---
title: "Data Cleaning"
author: "Your name"
date: "July 11, 2017"
output: html_document
---
# "Real Property Taxes" Dataset
## Part 1
Download the "real property taxes" dataset from the website (via OpenBaltimore),
The data is located here (note you don't need to unzip it to read it into R):
http://sisbid.github.io/Module1/data/Real_Property_Taxes.csv.gz
And it is also stored in the RStudio Cloud session.
1. Read the Property Tax data into R and call it the variable `tax`
2. How many addresses pay property taxes?
3. What is the total city and state tax paid?
4. Subset the data to only retain those houses that are principal residences.
a) How many such houses are there?
b) Describe the distribution of property taxes on these residences. Use
hist with certain breaks or `quantile()`
5. Convert the 'lotSize' variable to a numeric square feet variable. Tips:
* Look at the data
* Assume hyphens represent inches within square foot meassuremnts
* Assume decimals within acreage measurements
* 1 acre = 43560 square feet
## Part 2
6. Using `table()` or `group_by()` and `summarize(n())` or `tally()`
a. how many observations/properties are in each ward?

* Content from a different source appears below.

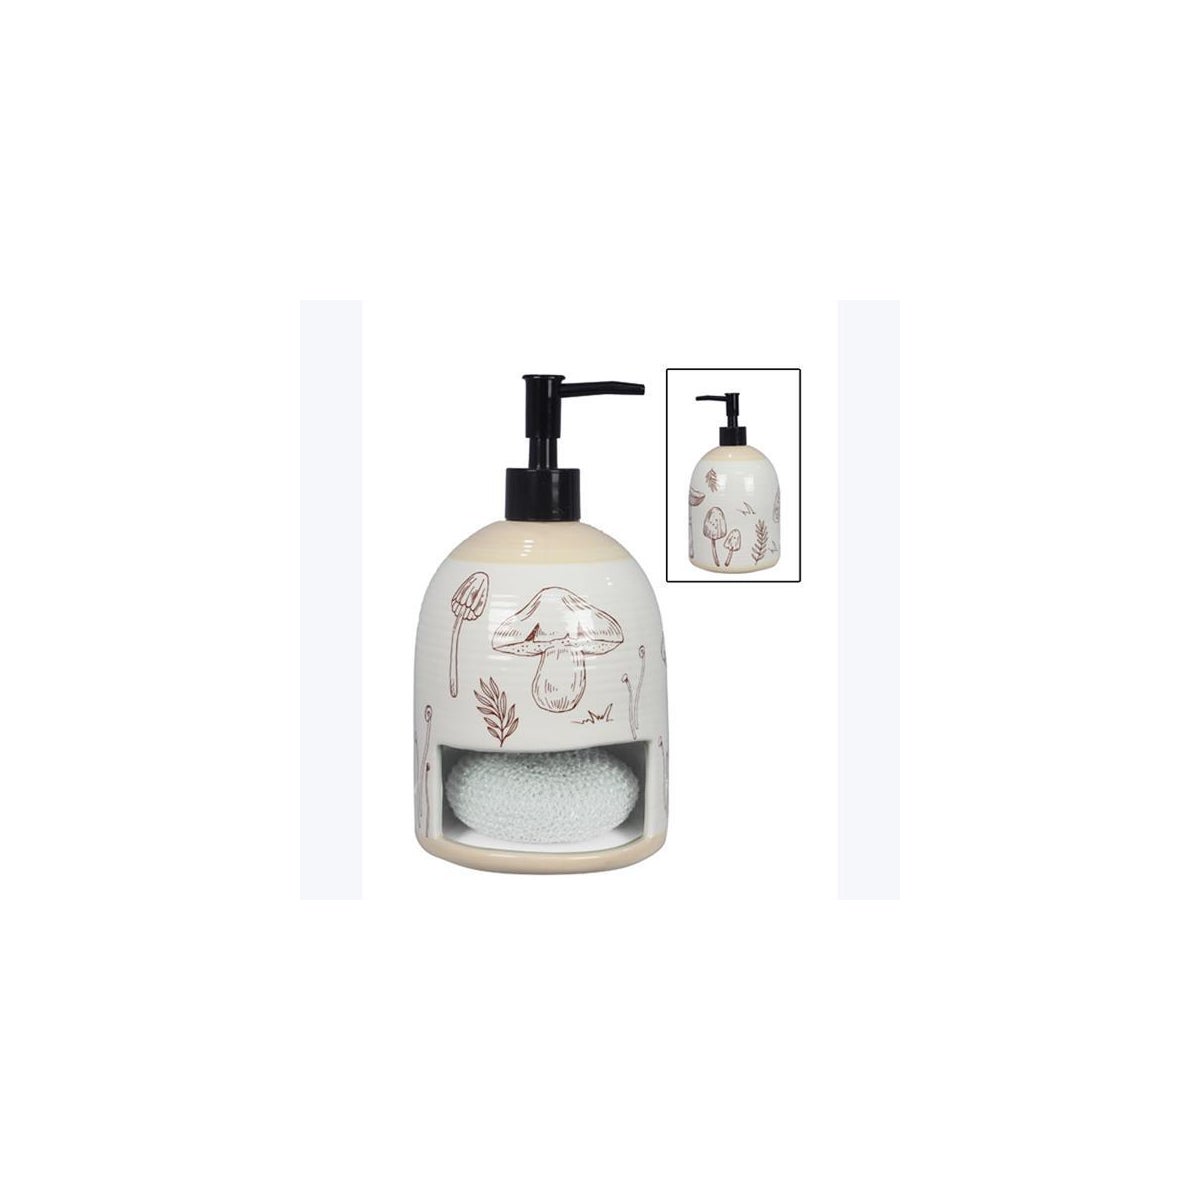 Ceramic Mushroom Soap Dispenser with Scrub Holder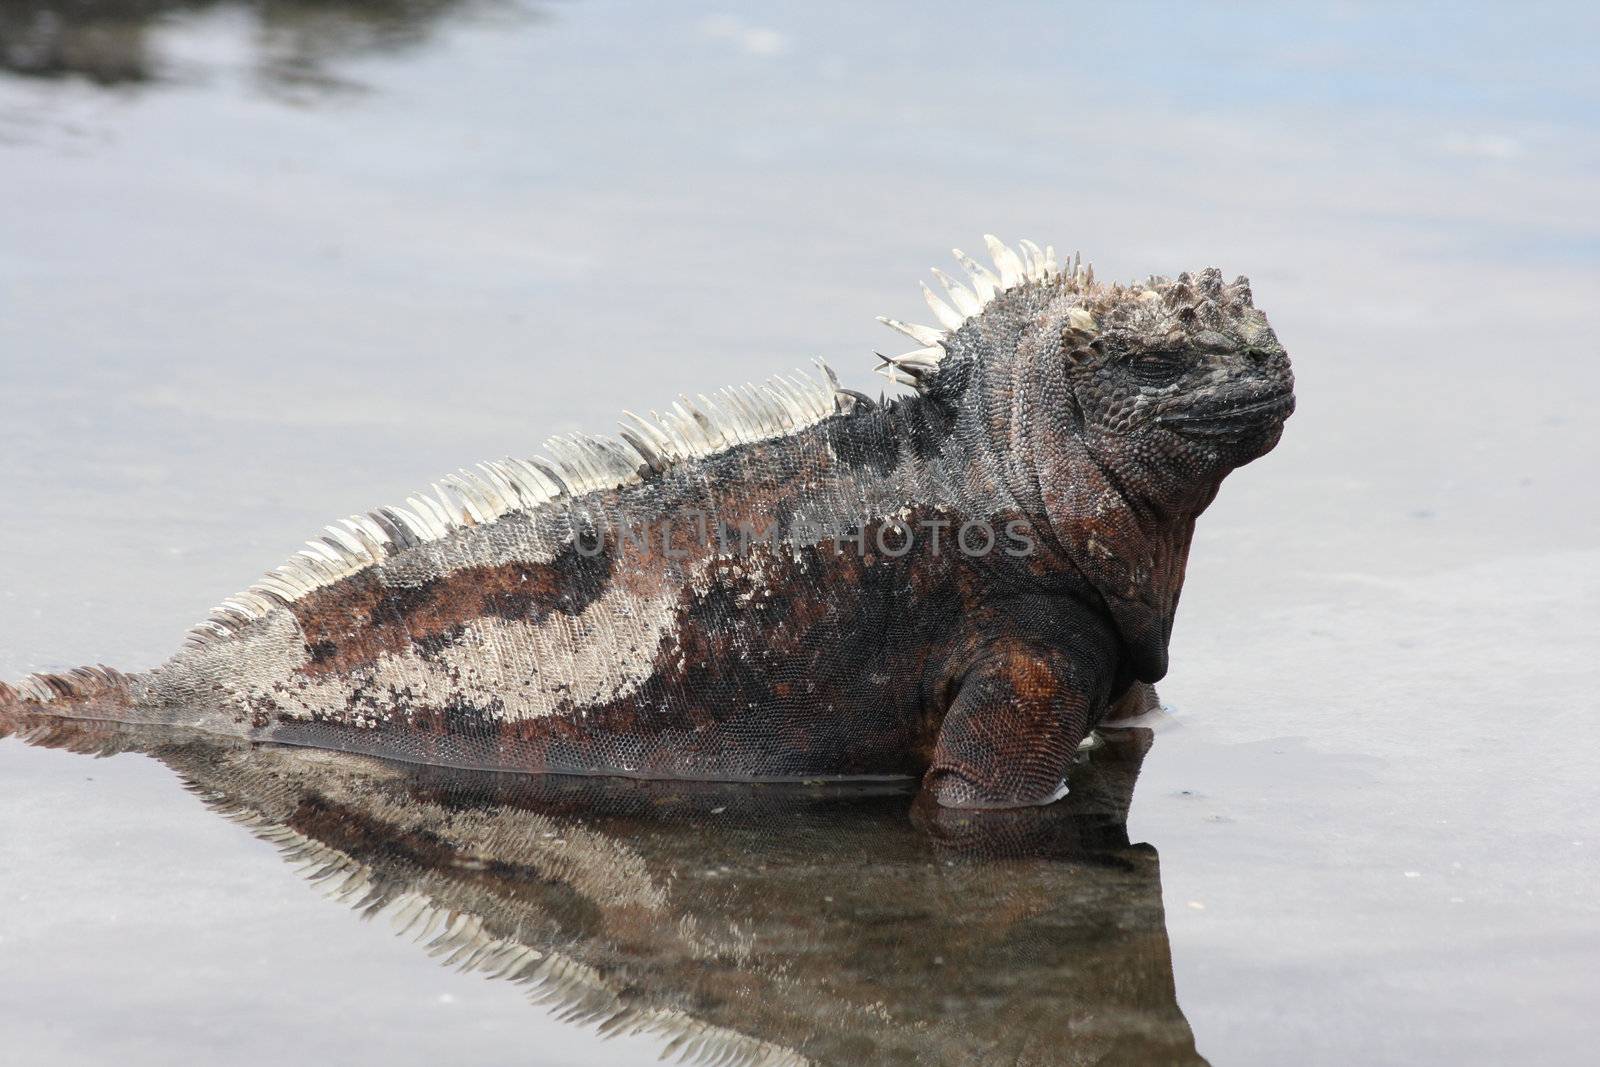 The marine iguana of the Galapagos Islands, Amblyrhynchus cristatus by ernkris

b. what is the mean state tax per ward? use group_by and summarize
c. what is the maximum amount still due in each ward? different summarization (max)
d. What is the 75th percentile of city and state tax paid by Ward? (quantile)
7. Using the numeric square feet variable of the lot size:
a. Which ward has the largest average lot size?
b. Which neighborhood has the largest average lot size?